Windows 10ゲーム独占販売が続く「Windows Store」の抱える問題点、Microsoftは”GfWLの再来”を防げるのか?

MicrosoftのXbox部門ヘッドPhil Spencer氏は、Windows 8.1やWindows 10向けに展開されている「Windows Store」の改善プランがあることを明らかにした。「Windows Store」では『Quantum Break』といったWindows 10ゲームの独占販売が続いているが、Steamなどの競合サービスと比較すると様々な問題点や欠点があるとの批判が出始めており、その声に対してSpencer氏がTwitter上で返答した。Microsoftはかつて「Games for Windows Live」でPCゲーマーからの信頼を失ったが、今後「Windows Store」と共にどのような動きを見せるのだろうか。

進む「Windows Store」での独占販売

「Windows Store」とは、Windows 8.x以降のOSに搭載されているMicrosoftのアプリストアのことだ。いわゆるAppleのApp Storeのような存在であり、ユーザーはこの「Windows Store」から様々なアプリを購入しインストールすることが可能。さらに現在Micorosoftは、パブリッシングを担当しているWindows 10ゲームをWindows Storeでのみ販売する方針を進めつつある。
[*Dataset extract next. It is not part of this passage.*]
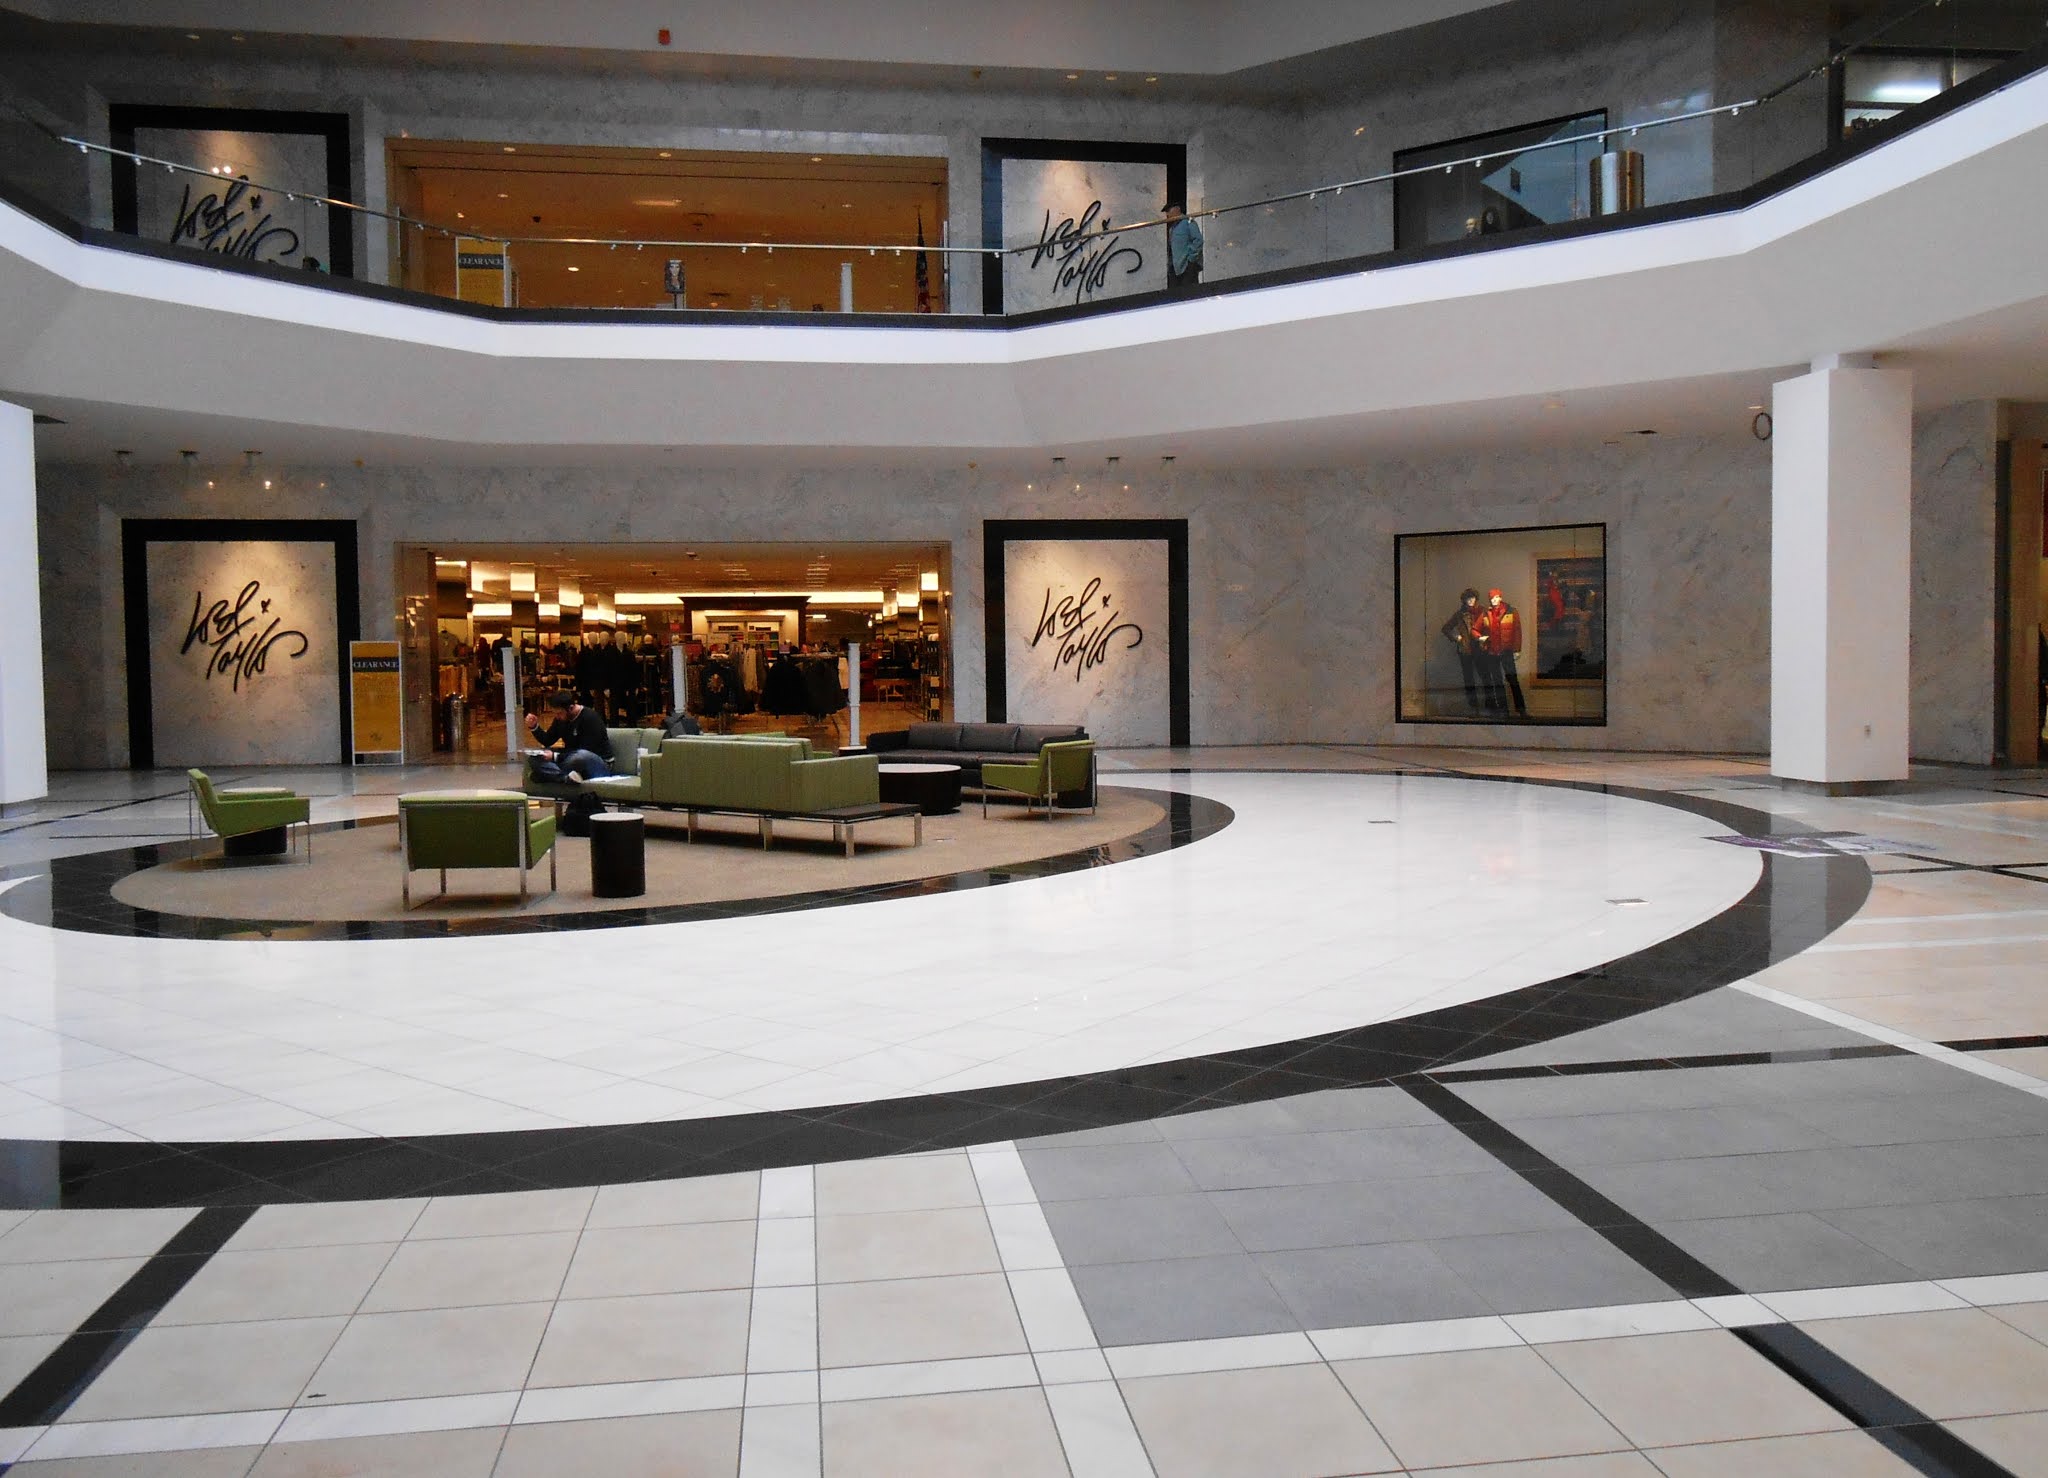 The Mall At Short Hills, Malls and Retail Wiki

前述したRemedy Entertainmentの最新作『Quantum Break』に加え、2016年にリリース予定の『Gigantic』もXbox One/Windows Storeにて独占販売であり、2015年8月には『Fable Legends』のWindows版が「Windows Store」でのみ販売されることが明らかされていた。現時点で発表は無いが、今春にリリース予定とされている『Gears of War: Ultimate Edition』や『Killer Instinct』のPC版も、このままの方針でいけば「Windows Store」でのみ販売されると見てよいだろう。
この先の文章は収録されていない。